BEAK>: >> LP

C$34.99
Availability: In stock

To celebrate the addition of Bristol's preeminent out-rock trio, Beak>, to the Temporary Residence family, the label reissues their acclaimed second album >> on audiophile-quality double vinyl. Remastered for the format by Josh Bonati, and packaged in a heavyweight foil-stamped jacket, >> includes the original album in its entirety, as well as a vinyl-only bonus track not available on the CD or Digital formats. Following the release of his Quakers hip-hop project, and the Judge Dredd-inspired Drokk soundtrack collaboration, Geoff Barrow unveiled the 2012 second album by Beak>, the krautrock-influenced band formed with Billy Fuller and Matt Williams in 2009. There is an accepted music industry strategy, mainly from the mouths of experienced music managers and A&R men, that for a band to get ready to present themselves to the world they should go on tour. In most cases this advice works; the band hone their craft on the road so by the time they get on to late-night TV and summer festivals, they can amaze with their slick, tight rock performance. However, this doesn't always work. Beak> recorded their eponymous debut in Bristol, created from 12 days of improv sessions and then edited into song form. Shorty after releasing it, the band went on a successful tour, playing various festival dates across Europe and the U.S. Buzzing from the tour, Beak> promptly returned to the studio to start work on album No. 2, only to find that the time on the road had taken its toll on the band's delicately sensitive and creative nature – and, by consequence, had turned them into a truly awful-sounding pub prog-rock band.
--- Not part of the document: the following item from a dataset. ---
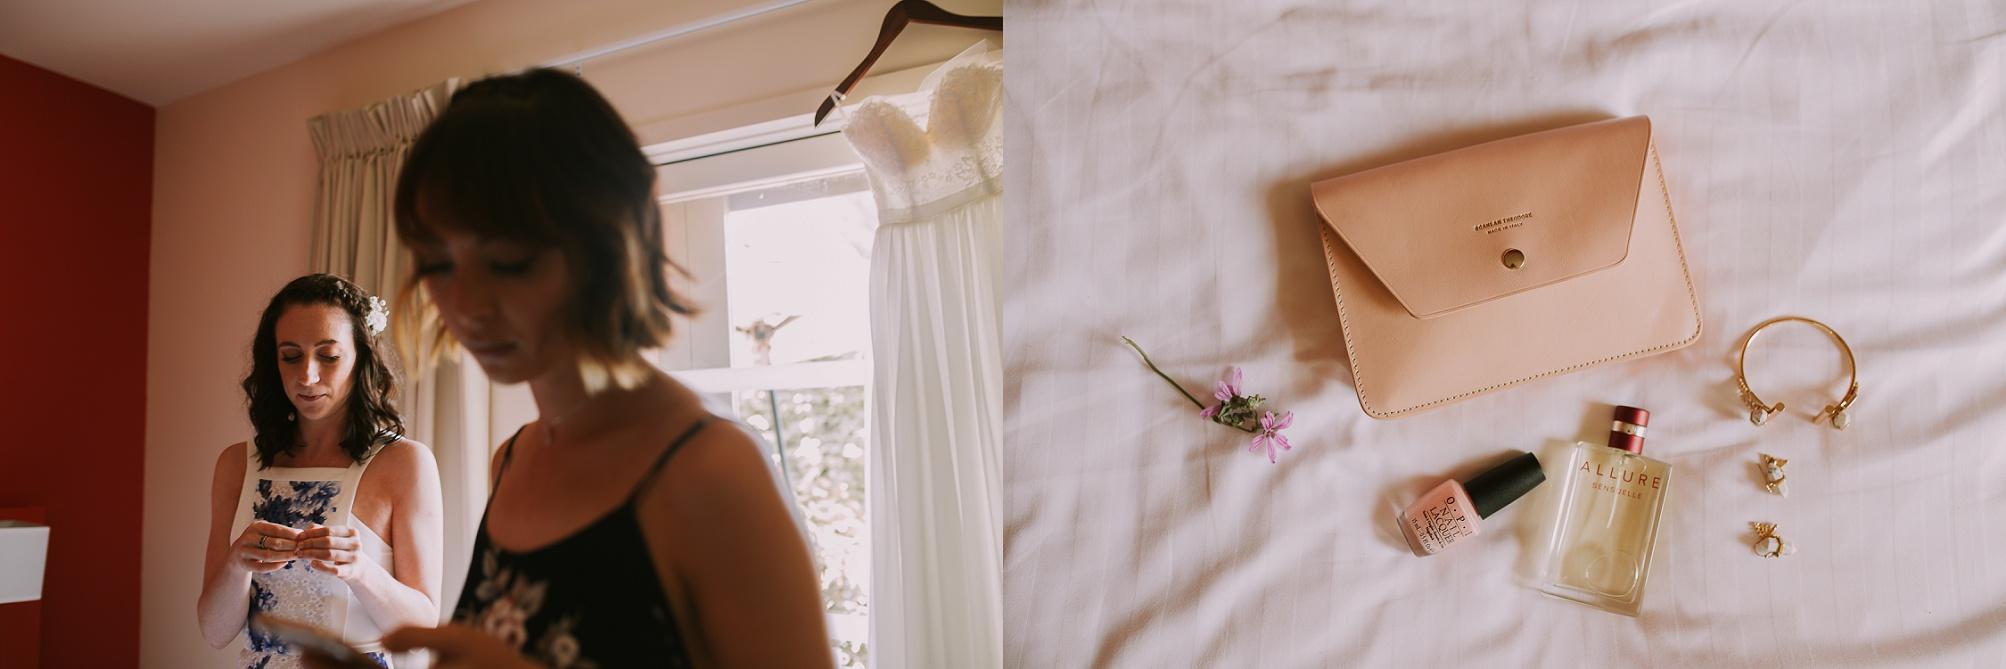 katerynaphotos-mariage-photographe-puyloubier-provence-aix-en-provence-sud-de-la-france_0334.jpg

The magic had gone. It seemed that the band were thoroughly moribund. Until...one rainy afternoon in Bristol – after many tortured, truly terrible recording sessions – something changed. It may have been the diesel fumes from the band's tour splitter bus had finally worn off; others say that the band simply turned their amplifiers down. We may never know the true events of that afternoon, but the band began to play and, once again as before, their bleak, wobbly, anti-blue note sound had returned – now with more synthesizers. And once again as before, it was all recorded live in one room (with very few overdubs).